The assessment catalyzed integration across disciplines represented by researchers from Columbia University, University of Oxford, California Institute of Technology, Potsdam Institute for Climate Impact Research, and Stockholm Environment Institute. It standardized scenarios and metrics later adopted by the UNFCCC Secretariat, influenced climate modeling efforts at National Center for Atmospheric Research and Met Office Hadley Centre, and underpinned economic analyses by World Bank and International Monetary Fund teams. Its synthesis informed subsequent scientific syntheses at Intergovernmental Panel on Climate Change meetings and contributed to capacity building in observatories like Argo, networks such as Global Climate Observing System, and programs run by United Nations Educational, Scientific and Cultural Organization affiliates.
Responses ranged from endorsement by the Royal Society, National Academy of Sciences, and delegations to the United Nations Framework Convention on Climate Change to critique from commentators in Wall Street Journal-aligned circles and policy analysts in Heritage Foundation-associated forums. Scientific critiques focused on model sensitivity estimates debated at conferences like the American Geophysical Union Fall Meeting and in journals associated with Nature and Science, while diplomatic critiques emphasized economic implications discussed at Organisation for Economic Co-operation and Development ministerial meetings and G-77 consultations. Independent reviews by institutions including Potsdam Institute for Climate Impact Research and Tyndall Centre for Climate Change Research led to methodological refinements in later assessments.

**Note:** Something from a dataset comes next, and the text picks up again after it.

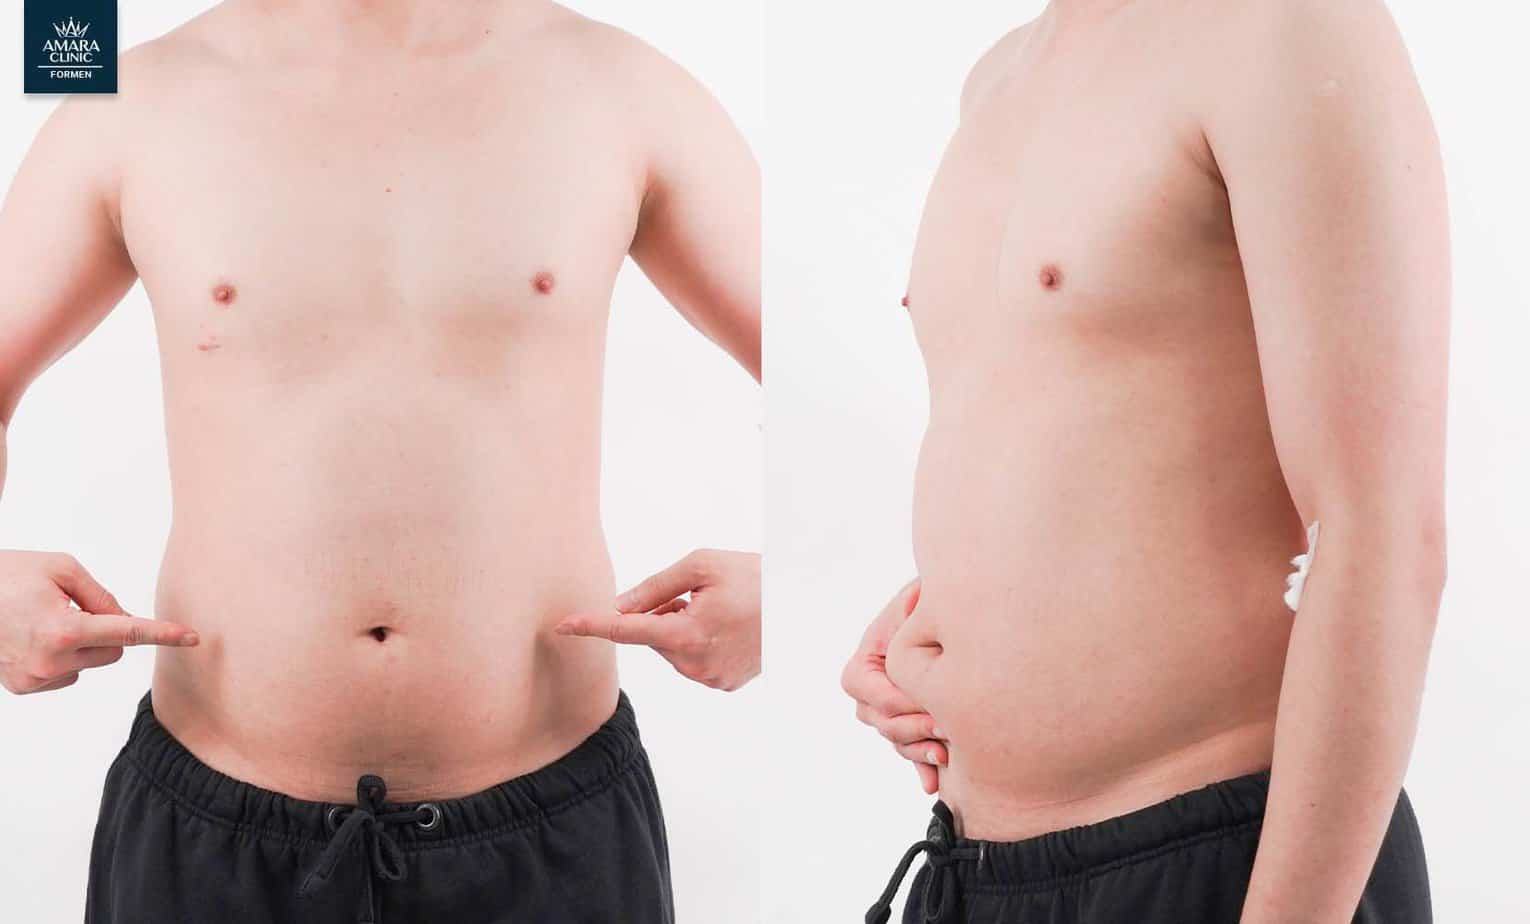 Review - Before liposuction

The report established conventions later expanded in subsequent IPCC assessment cycles, influencing the structure of reports issued in 1995, 2001, 2007, 2013, and 2021 and shaping syntheses used by United Nations Framework Convention on Climate Change Parties at Conference of the Parties sessions. Its legacy is evident in the development of integrated assessment models at MIT Joint Program on the Science and Policy of Global Change, scenario frameworks used by Intergovernmental Panel on Climate Change authors, and capacity-building initiatives at World Meteorological Organization regional offices. The report remains a milestone cited in policy documents from European Commission, legal briefs in cases before courts influenced by International Court of Justice advisory requests, and educational curricula at institutions such as University of Cambridge and Harvard University.